Negli ultimi anni ho imparato a curare molti miei pazienti – affetti da disturbi d’ansia e da dipendenze – senza l’ausilio farmacologico, dal momento che la maggior parte dei farmaci usati in questi casi crea dipendenza e tende a dare un sollievo soltanto temporaneo al paziente, facendolo ripiombare nel baratro al termine dell’assunzione. La potente arma che mi ha permesso in tanti anni di curare i problemi psicologici di molti miei pazienti senza l’ausilio farmacologico è una branca della medicina che studio ed applico da molti anni ma ancora poco nota in Italia, anche se già molto conosciuta negli Stati Uniti: la Medicina Narrativa.
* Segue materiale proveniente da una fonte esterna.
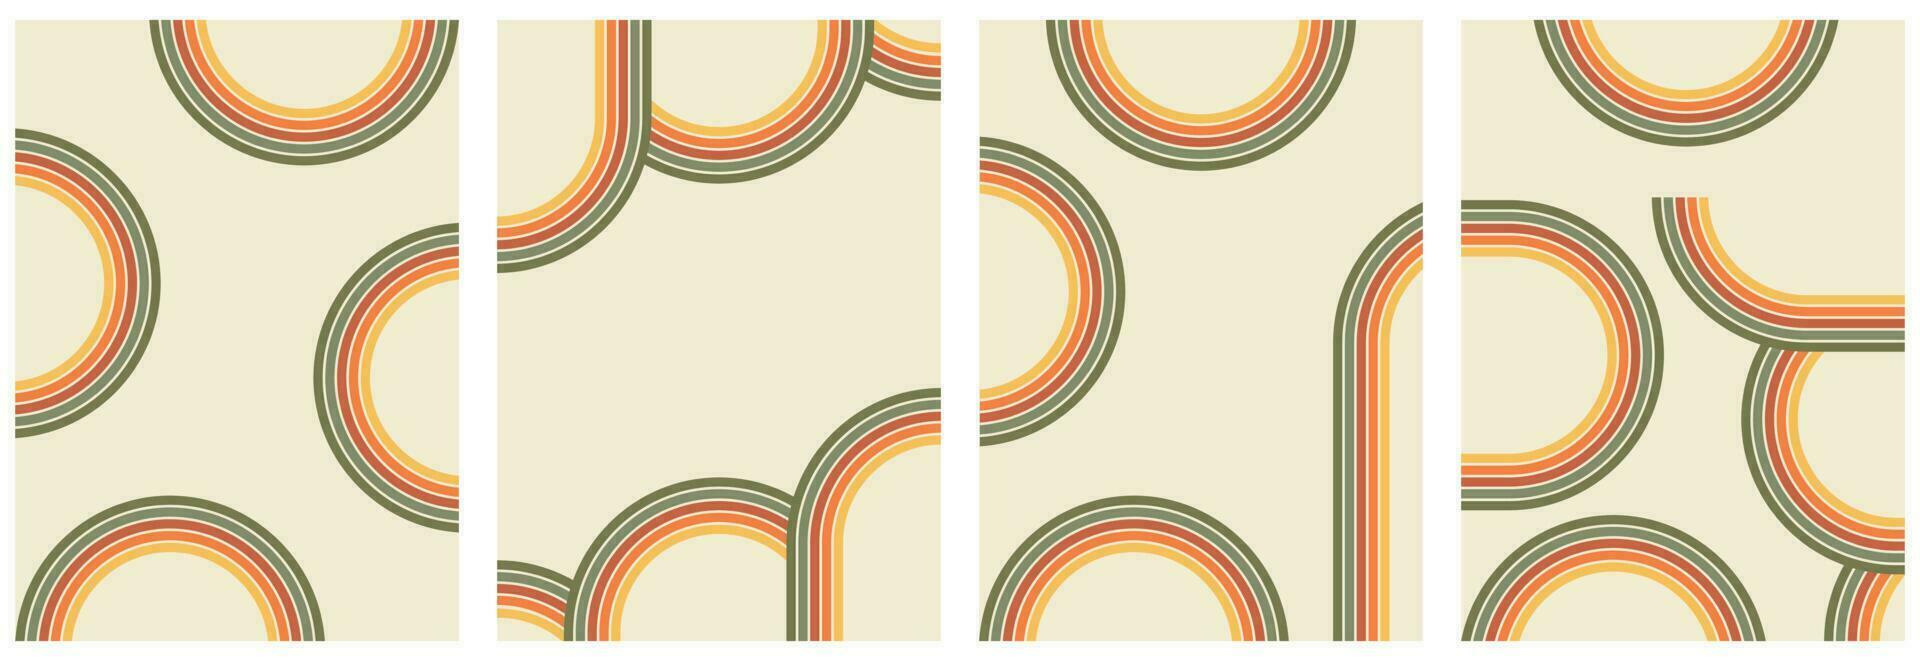 groovig Regenbogen Hintergründe, Plakate im das Stil von Wellen, wirbelt, wirbelnd Muster, Labyrinth. modisch retro-psychedelisch Stil von Hippie Ästhetik von das 70er. vektor

Cos’è la Medicina Narrativa”?
Con “Medicina Narrativa” (in inglese “Narrative Medicine”) si intende una metodologia d’intervento clinico-assistenziale basata sulla narrazione – da parte del paziente – delle problematiche alla base della malattia stessa o del trauma che ha subito. Tale narrazione permette la costruzione condivisa di un percorso di cura personalizzato. La narrazione del paziente e di chi se ne prende cura è un elemento imprescindibile della medicina contemporanea, fondata sulla partecipazione attiva dei pazienti: le persone, attraverso le loro storie, diventano loro stesse protagoniste del loro processo di cura.
Dal “curare” a “prendersi cura” del paziente
I traumi e le malattie sono ciò che vive e racconta il paziente, non soltanto segni, sintomi, radiografie e numeri di laboratorio. Ogni caso ha la sua storia: narrarla è terapeutico per il paziente, ascoltarla significa – per il medico – passare dal curare al prendersi cura della persona sofferente. La medicina narrativa è nata per valorizzare il vissuto dei malati e dei traumatizzati, non considerando più la patologia o il trauma un semplice fatto biomedico. Il paziente non è più “un numero a cui dare farmaci”, ma diventa una persona con un vissuto che va ascoltata e capita, ed una persona ascoltata e capita ha molte più possibilità di guarire, specie quando la patologia ha una forte componente psicologica ed emotiva.
Quali sono le metodologie utilizzate?
Il mio personale approccio medico-narrativo fa riferimento a differenti metodologie analitiche, diagnostiche e terapeutiche derivanti da diversi ambiti disciplinari:
- Narratologico (letteratura)
- Fenomenologico-ermeneutico (filosofia)
- Psicoterapeutico (psicologia)
- Psicopedagogico (scienze umane)
- Neurologico-psichiatrico (medicina)
- Socio-antropologico (scienze sociali)
Come si svolge una terapia in Medicina Narrativa?
Una terapia che usi il mio approccio medico-narrativo, si svolge tipicamente con una serie di colloqui, solitamente uno a settimana, in cui si lascia libero il paziente di spiegare il proprio problema e le modalità che lo hanno portato ad averlo. Io medico ho il ruolo di contenere la dimensione del racconto, finalizzandolo ad un risvolto operativo nelle cure, senza però mai forzare il paziente, bensì aiutando quest’ultimo – tramite opportune domande – ad arrivare al nucleo del problema ed affrontarlo. Seduta dopo seduta il paziente riuscirà quindi a capire quali sono i nodi fondamentali che lo hanno portato ad avere il suo problema o la sua dipendenza e gli permetterà di affrontarlo, con il mio aiuto.
Per quali patologie si usa l’approccio medico-narrativo?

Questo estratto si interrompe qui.